Homefront – Review

Worth seeing: if you don't mind a corny and formulaic thriller by numbers about a single father undercover agent whose past catches up with him
Director:Gary Fleder
Featuring:James Franco, Jason Statham, Kate Bosworth, Clancy Brown, Frank Grillo, Izabela Vidovic, Marcus Hester, Winona Ryder
Length:100 minutes
Certificate:15
Country:US
Released:6th December 2013

WHAT’S IT ABOUT?

Former undercover Drug Enforcement Agency officer Phil Broker (Jason Statham) moves to a quiet small town to escape the wrath of the meth gang leader he put behind bars.

His efforts to keep a low profile are shattered when the school bully picks on his daughter – and ends up with a bloody nose.

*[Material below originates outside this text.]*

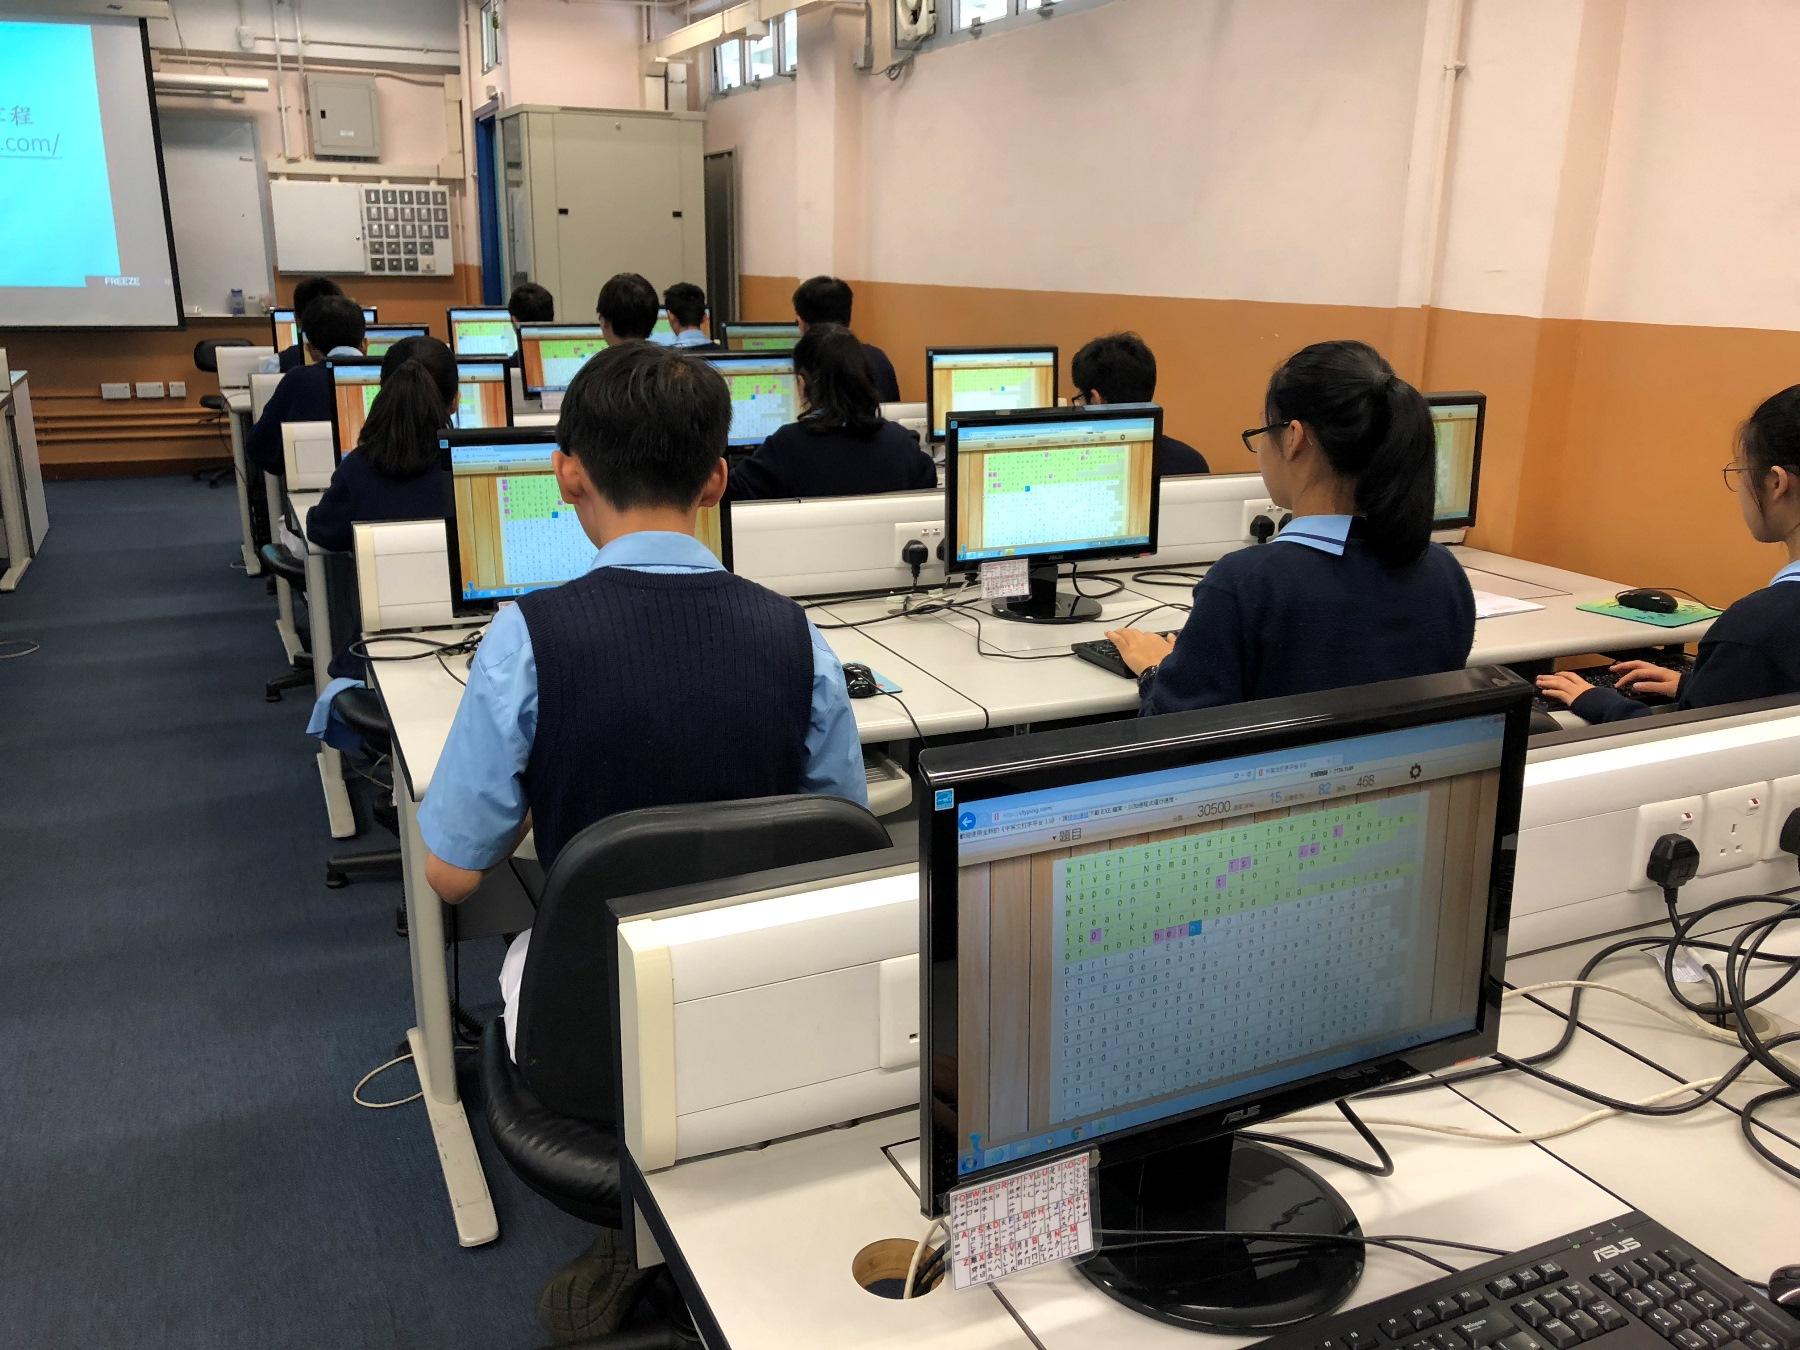 http://npc.edu.hk/sites/default/files/img_0916.jpg
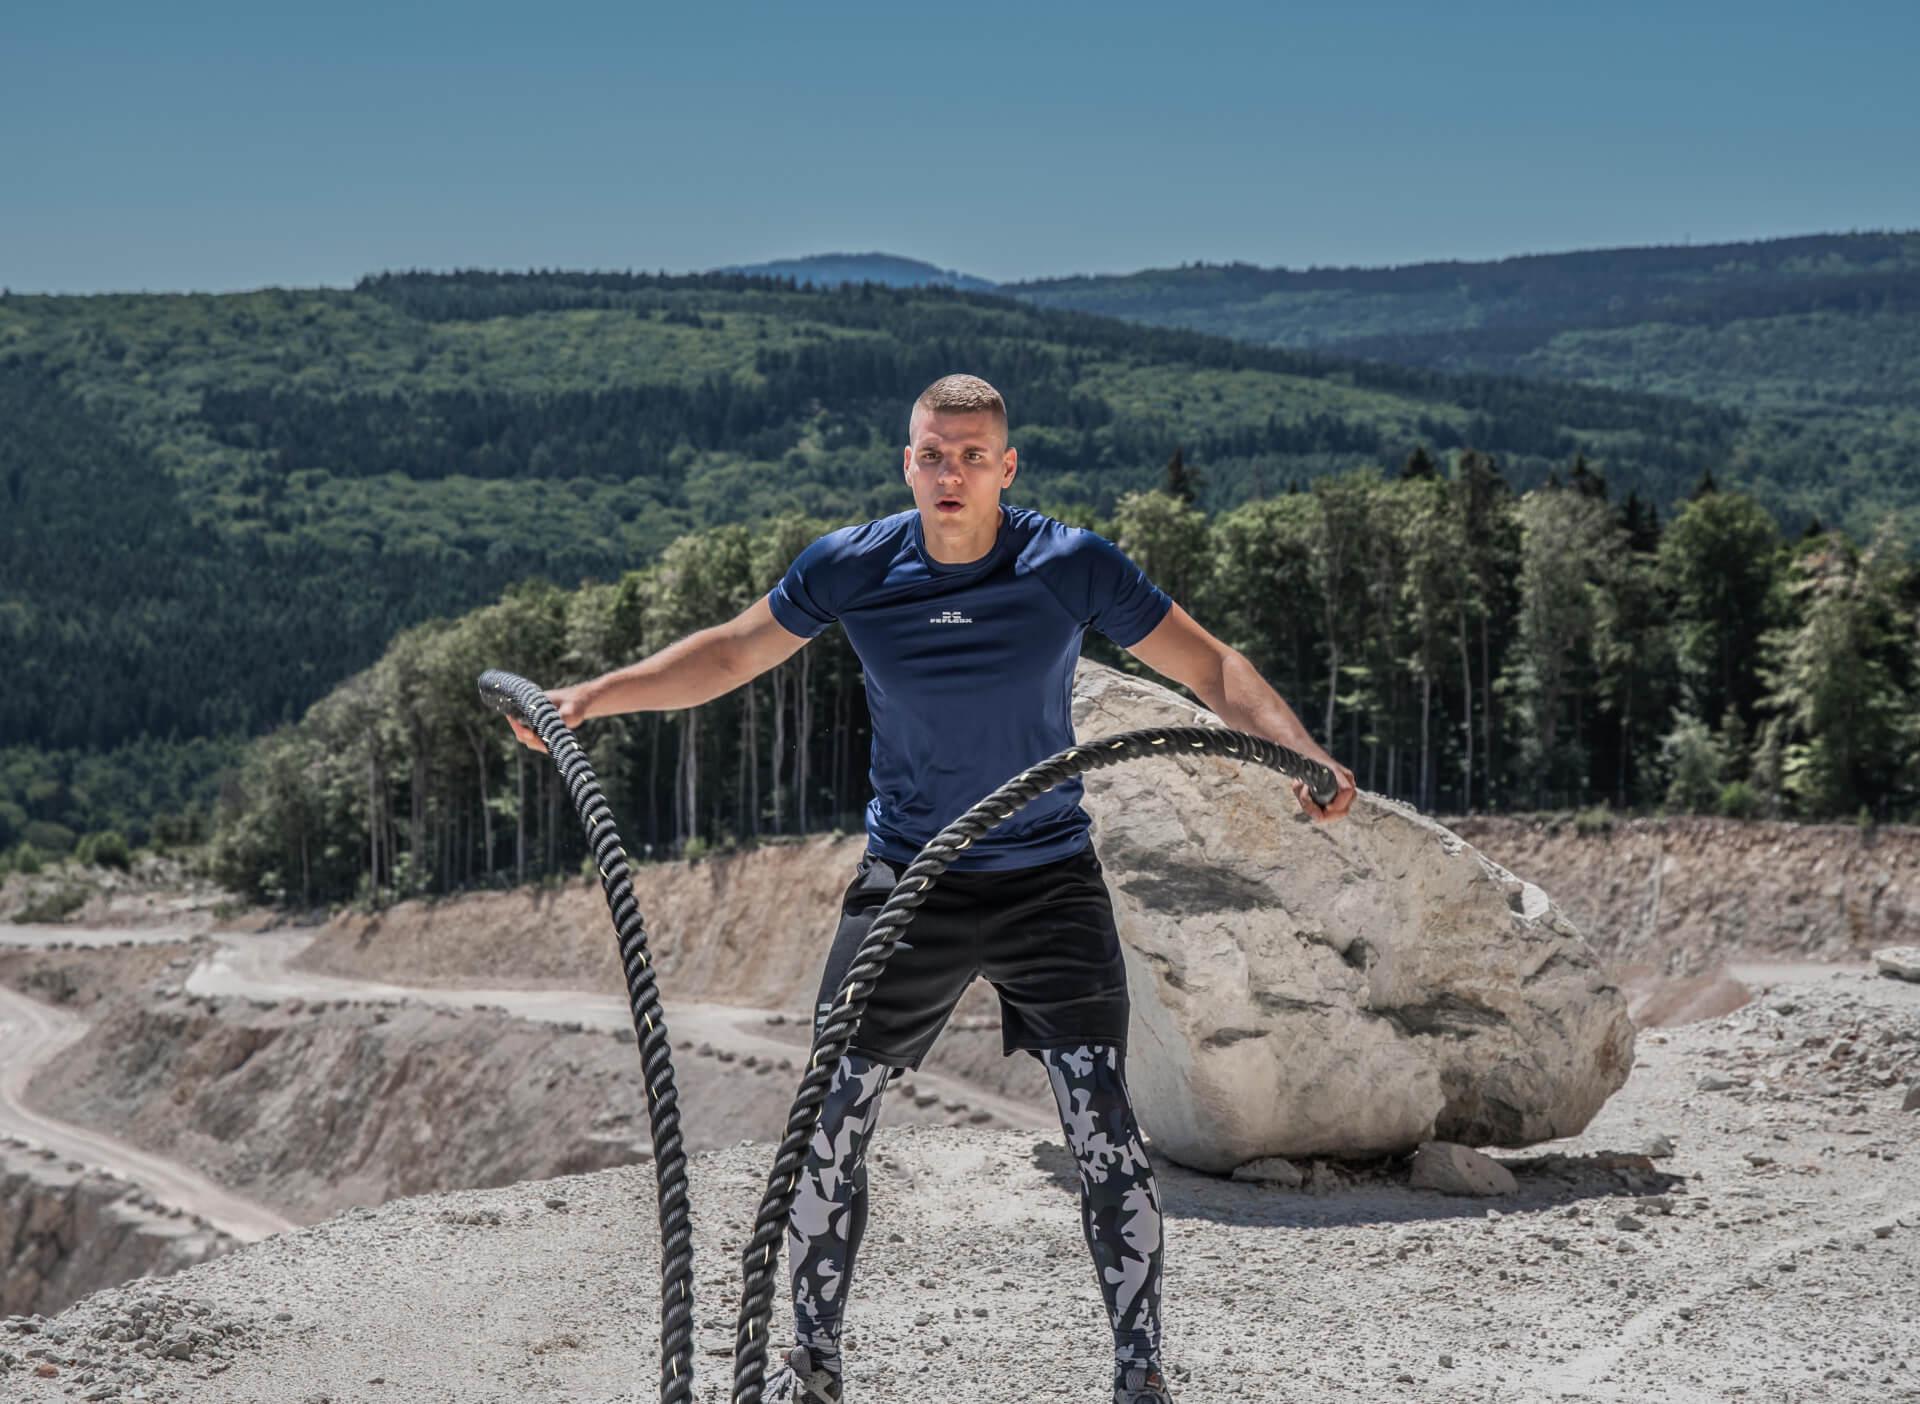 FEFLOGX Sportswear Funktionsshirt Pure und Leggings Camouflage, Battle Rope Workout (1).

With her credibility on the line, the bully’s mother Cassie (Kate Bosworth) asks her brother, no-nonsense local criminal boss Bodine (James Franco), to deal with him to restore the family name.

When Bodine finds out about Broker’s past, he decides to turn the whole situation to his advantage, telling the meth gang where Broker is hiding, in the hope that they’ll distribute his product.

But with everyone having their own agenda, nothing goes as planned for anyone.

WHAT’S IT LIKE?

Homefront is about as film-making-by-numbers as you can get. An undercover agent seeking the quiet life to hide from the gang he incarcerated; as a result of events beyond his control, thanks to a bunch of local thugs, his past catches up with him. Oh, and he’s a single father, for good measure.

It’s corny and formulaic beyond belief, entirely populated by good people and bad people – or at the very least, misguided people.

But the action is niftily handled and while there’s no point trying to get too involved in a plot that can be predicted down to the last beat, it’s entertaining enough as a Sunday afternoon B movie.

Jason Statham is better than you might imagine as, unusually, he’s required to add a bit of fatherly emotion to his action persona, but his accent is all over the place – surely an east London cockney accent is going to make you stand out in small-town America – or did he think it was a convincing local lilt?